UC wins two Nobel Prizes
University of California professors have won both the 2009 Nobel Prize in medicine and economics. Since 1934, 56 UC-affiliated faculty and researchers have won a total of 57 Nobel Prizes.
Elizabeth Blackburn, a UC San Francisco molecular biologist, is the winner of the Nobel Prize in Medicine or Physiology for the discovery of telomerase, an enzyme that plays a key role in normal cell function, as well as in cell aging and most cancers. She shared the prize with Jack Szostak of Harvard Medical School and her former graduate student Carol Greider of Johns Hopkins University School of Medicine. Greider earned a bachelor's degree at UC Santa Barbara and a doctorate at UC Berkeley where she worked with Blackburn.

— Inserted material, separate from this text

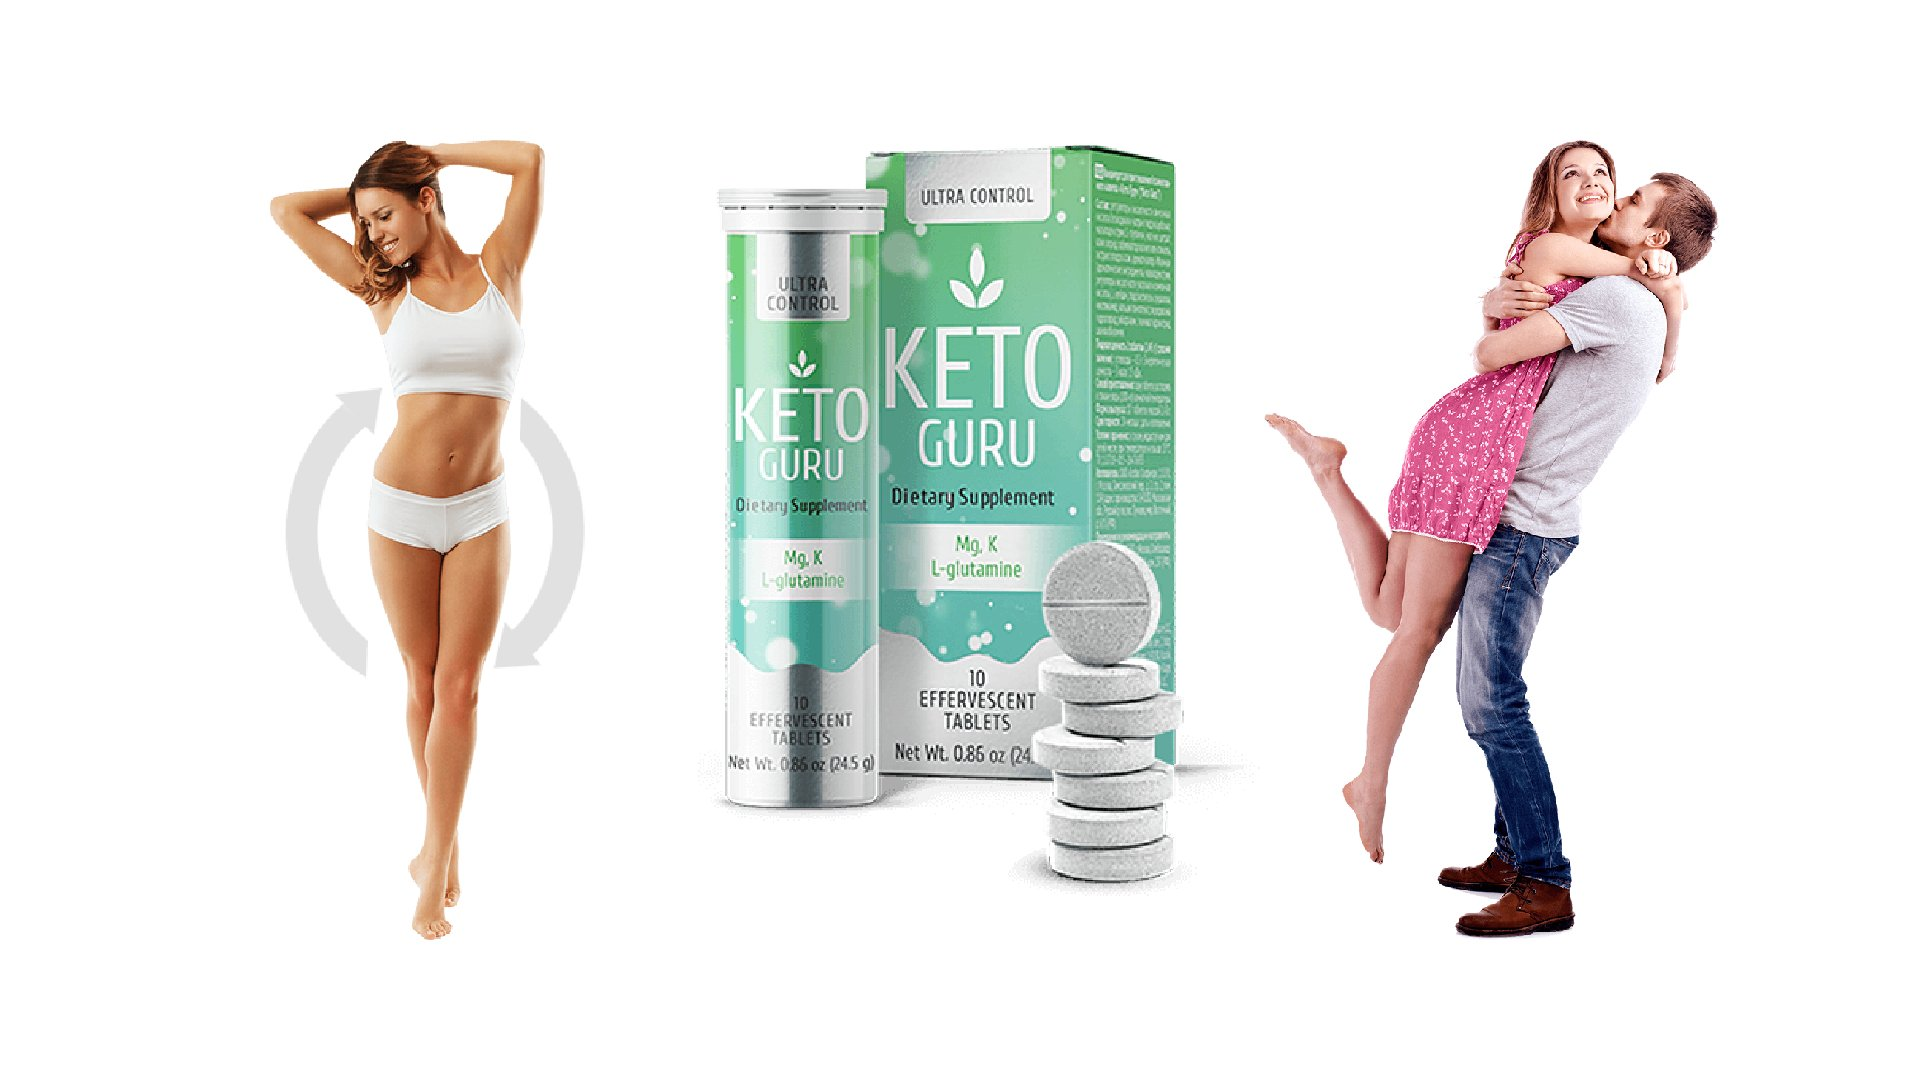 keto-guru-en-pharmacie-sur-amazon-site-du-fabricant-prix-ou-acheter

"The entire University of California community could not be more proud of Dr. Elizabeth Blackburn," said UC President Mark Yudof on hearing the announcement of her award on Oct. 5. "Her path-breaking work is yet another reminder of the life-changing contributions UC makes to California and to the world."

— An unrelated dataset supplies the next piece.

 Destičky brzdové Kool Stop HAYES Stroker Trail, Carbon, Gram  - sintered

On Oct. 12, Oliver E. Williamson, an emeritus professor of economics at UC Berkeley, won the 2009 Nobel Memorial Prize in Economic Sciences. Williamson is a pioneer in the multi-disciplinary field of transaction cost economics and one of the world's most cited economists.
"The entire UC community congratulates professor Oliver Williamson on this tremendous achievement," said Yudof. "The Nobel Prize in economics is a testament to the global significance of Williamson's work as well as to the contributions UC makes daily to the people of California and to the world. That this is the second Nobel Prize UC has been awarded within a week testifies to why the university is worth fighting for every day."
Williamson shares the prize with Elinor Ostrom, a professor at Indiana University. Ostrom earned bachelor's, master's and doctoral degrees in political science from UCLA.